The data below contains pictures, which are to be skipped; the lines starting at the line with "Plump Ripe Tomatoes" and ending at the line with "Outdoor Camping Tent" are to be output exactly, both ends included.

Given entries.
++++
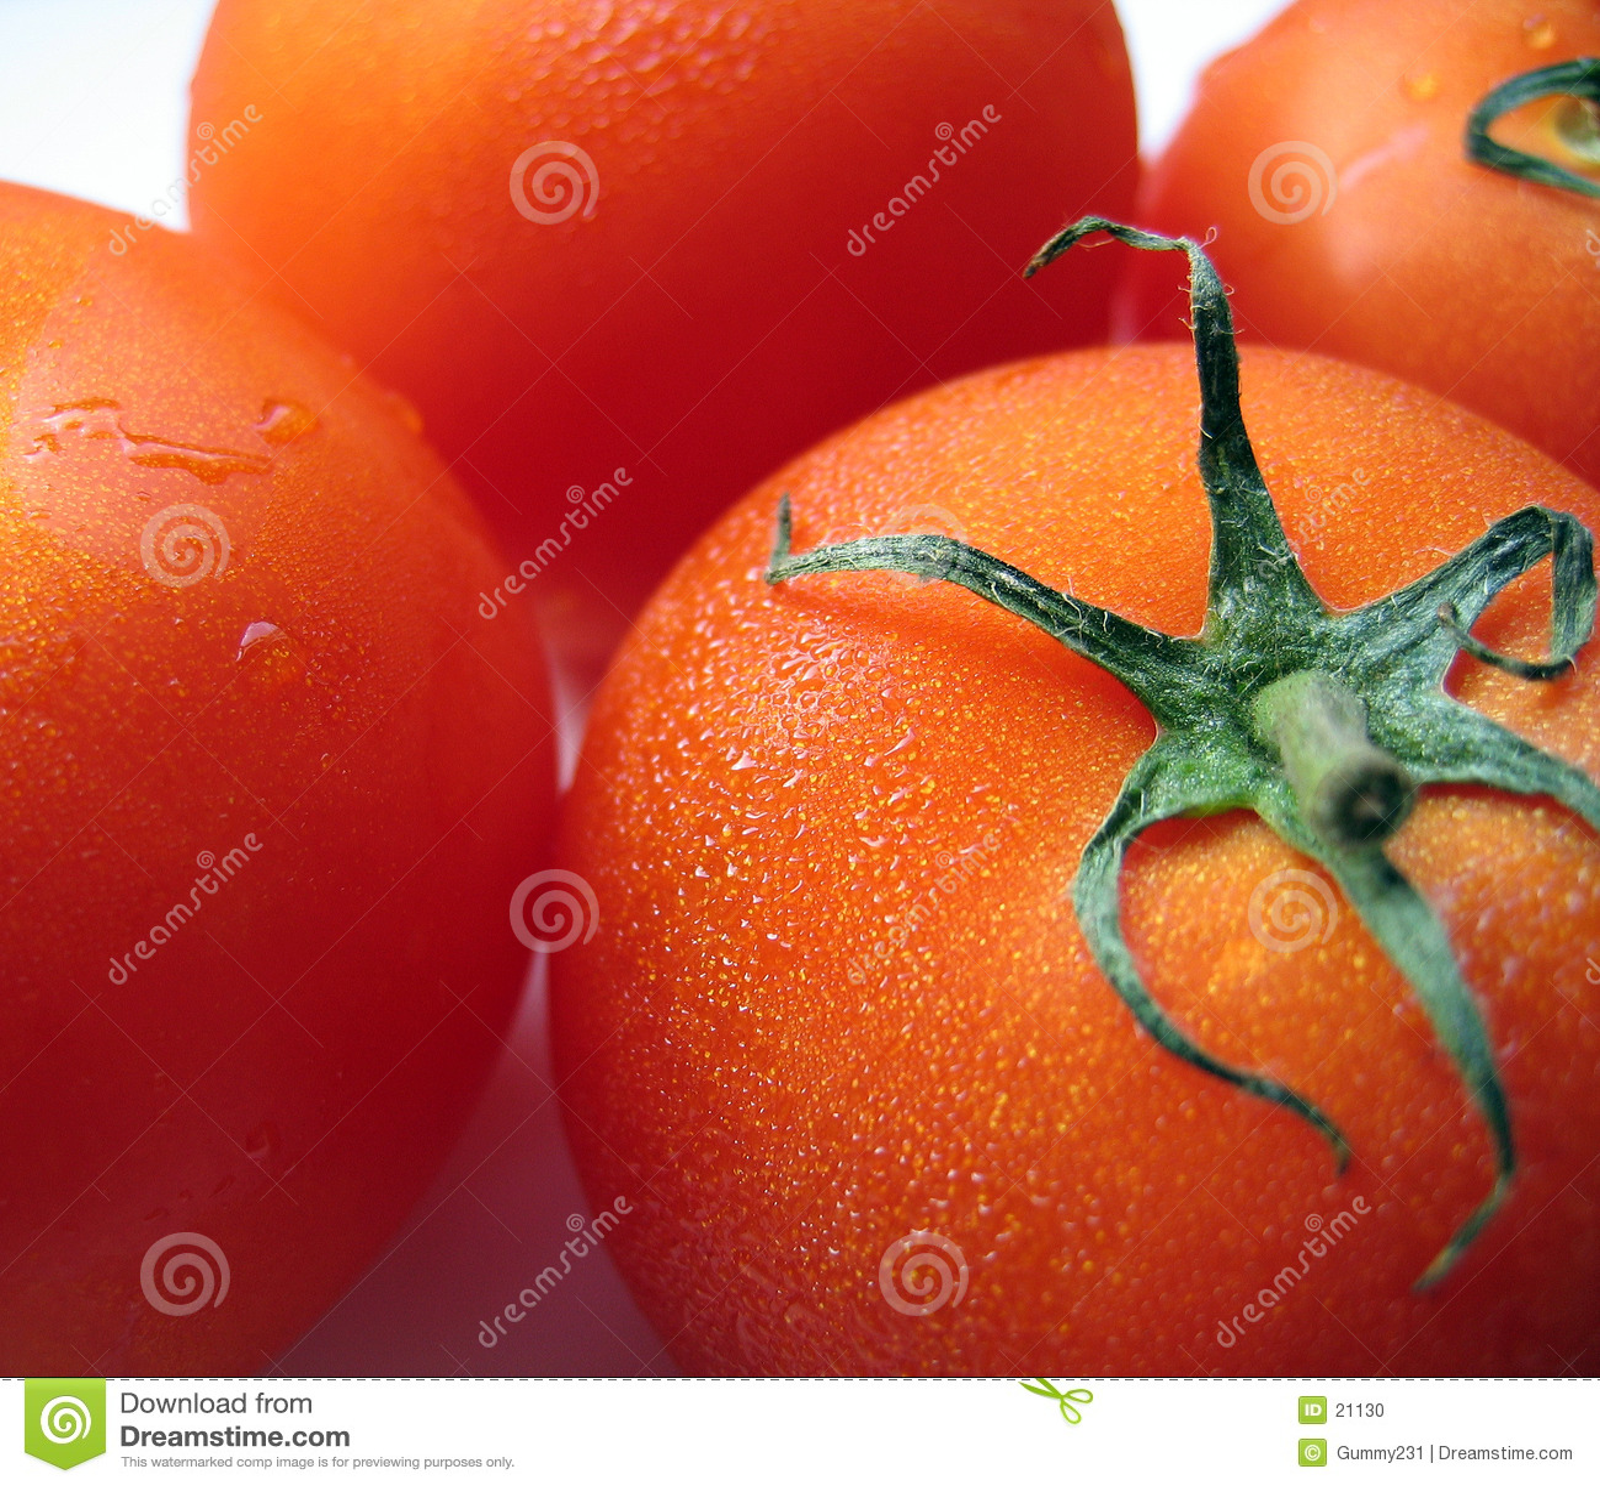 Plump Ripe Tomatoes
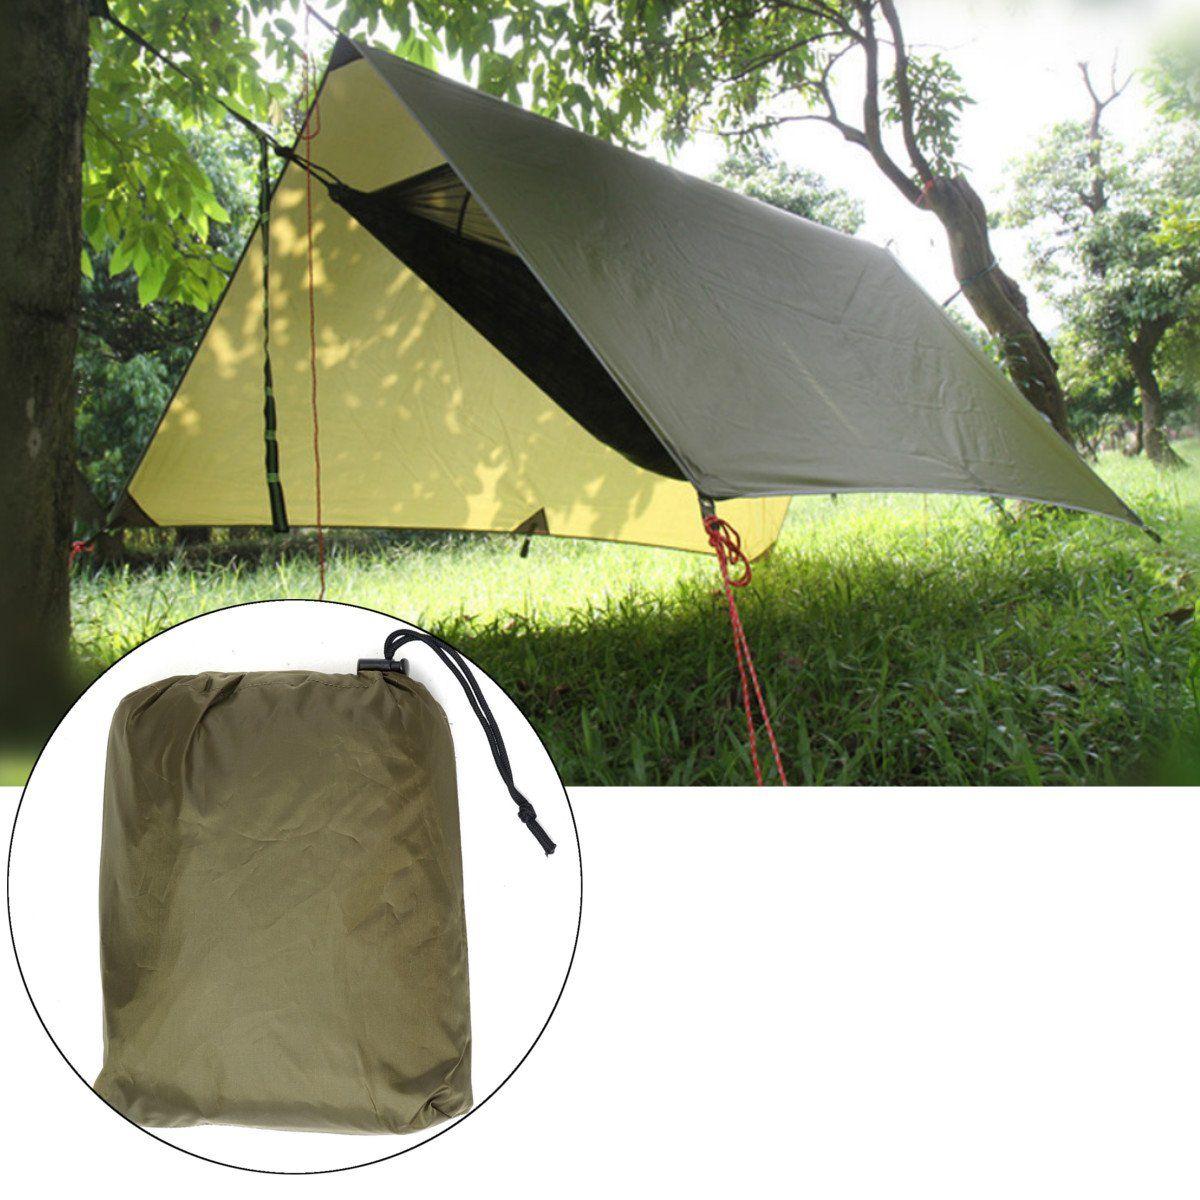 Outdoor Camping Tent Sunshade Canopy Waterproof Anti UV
++++
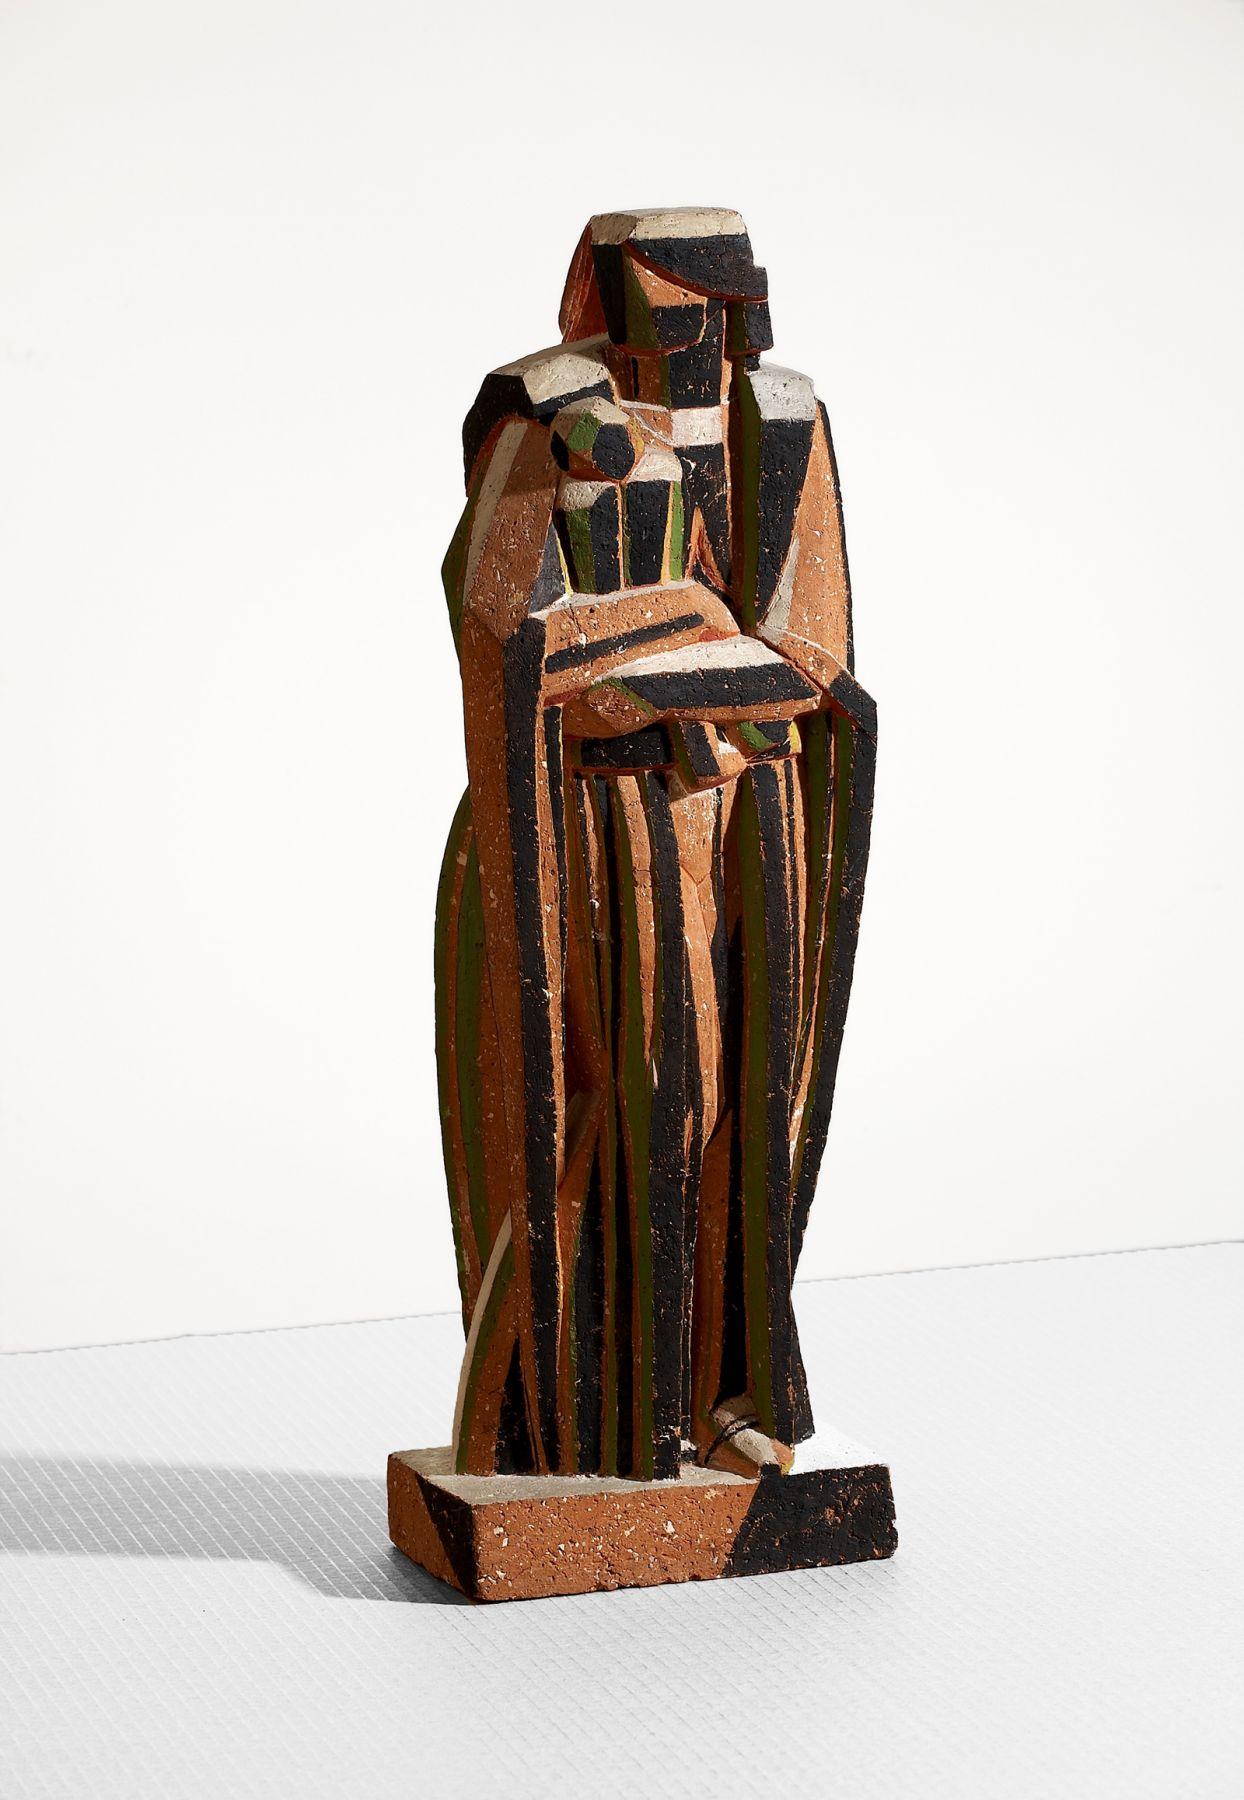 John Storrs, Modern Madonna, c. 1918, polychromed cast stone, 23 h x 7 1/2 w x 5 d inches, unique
++++
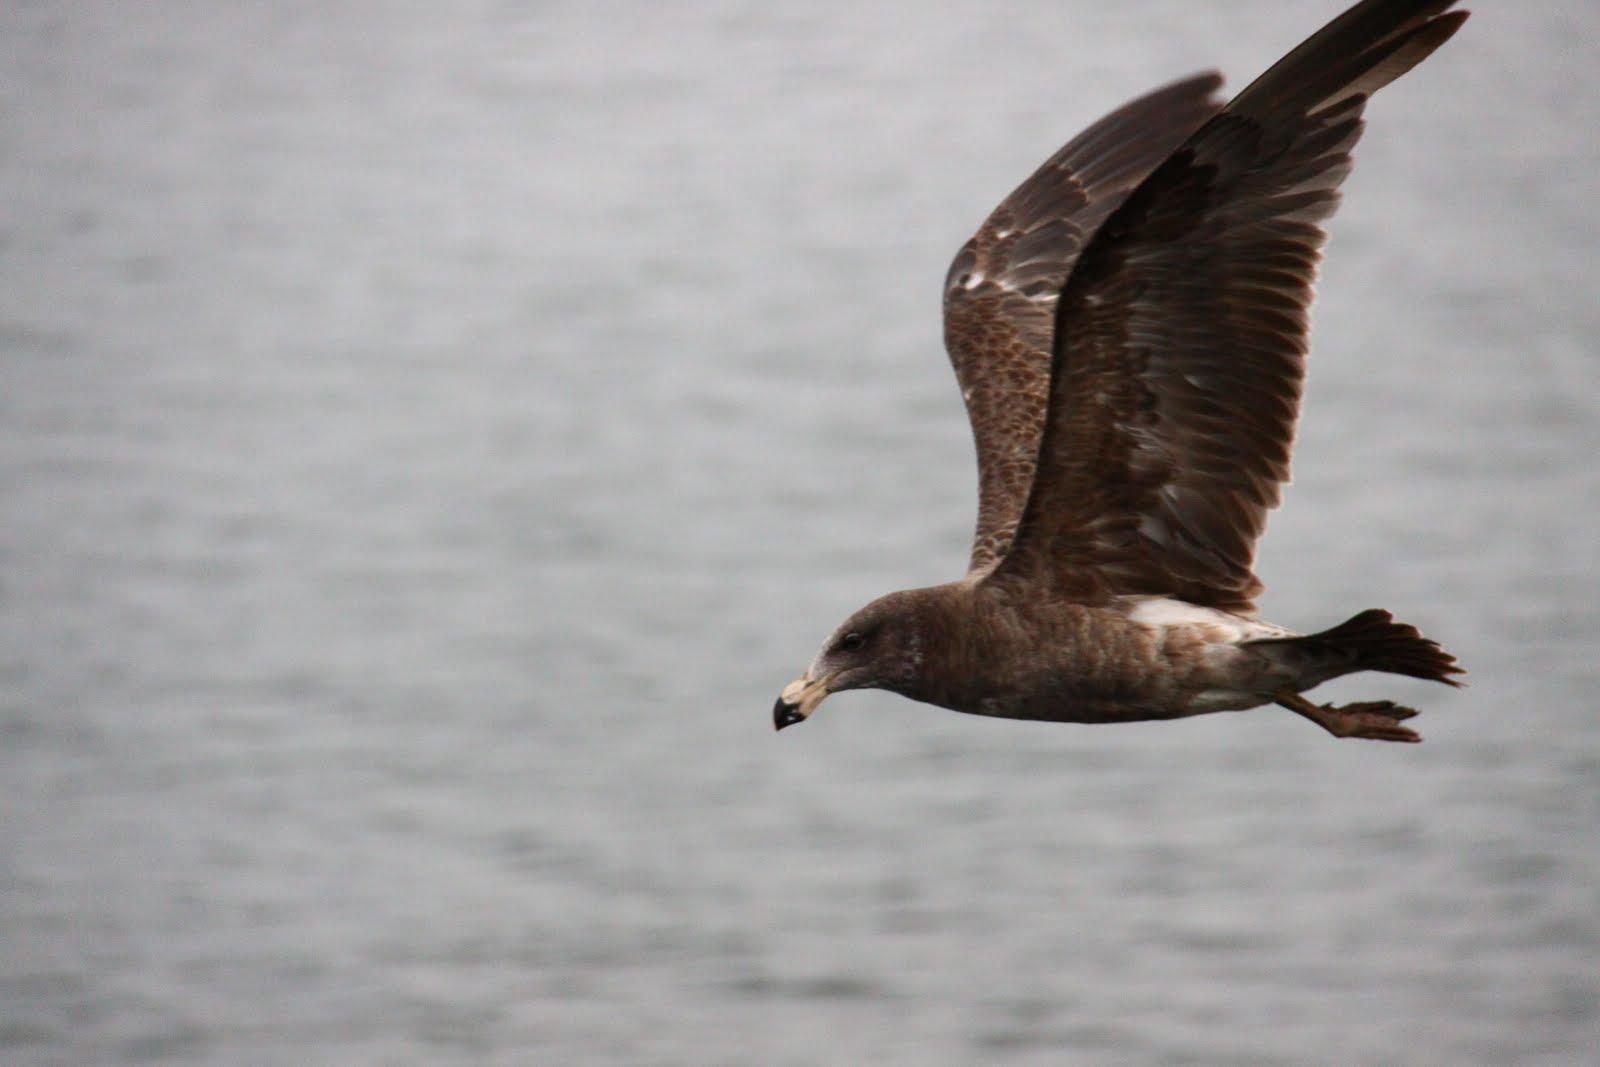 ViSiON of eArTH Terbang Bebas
++++
Response.
 Plump Ripe Tomatoes
 Outdoor Camping Tent Sunshade Canopy Waterproof Anti UV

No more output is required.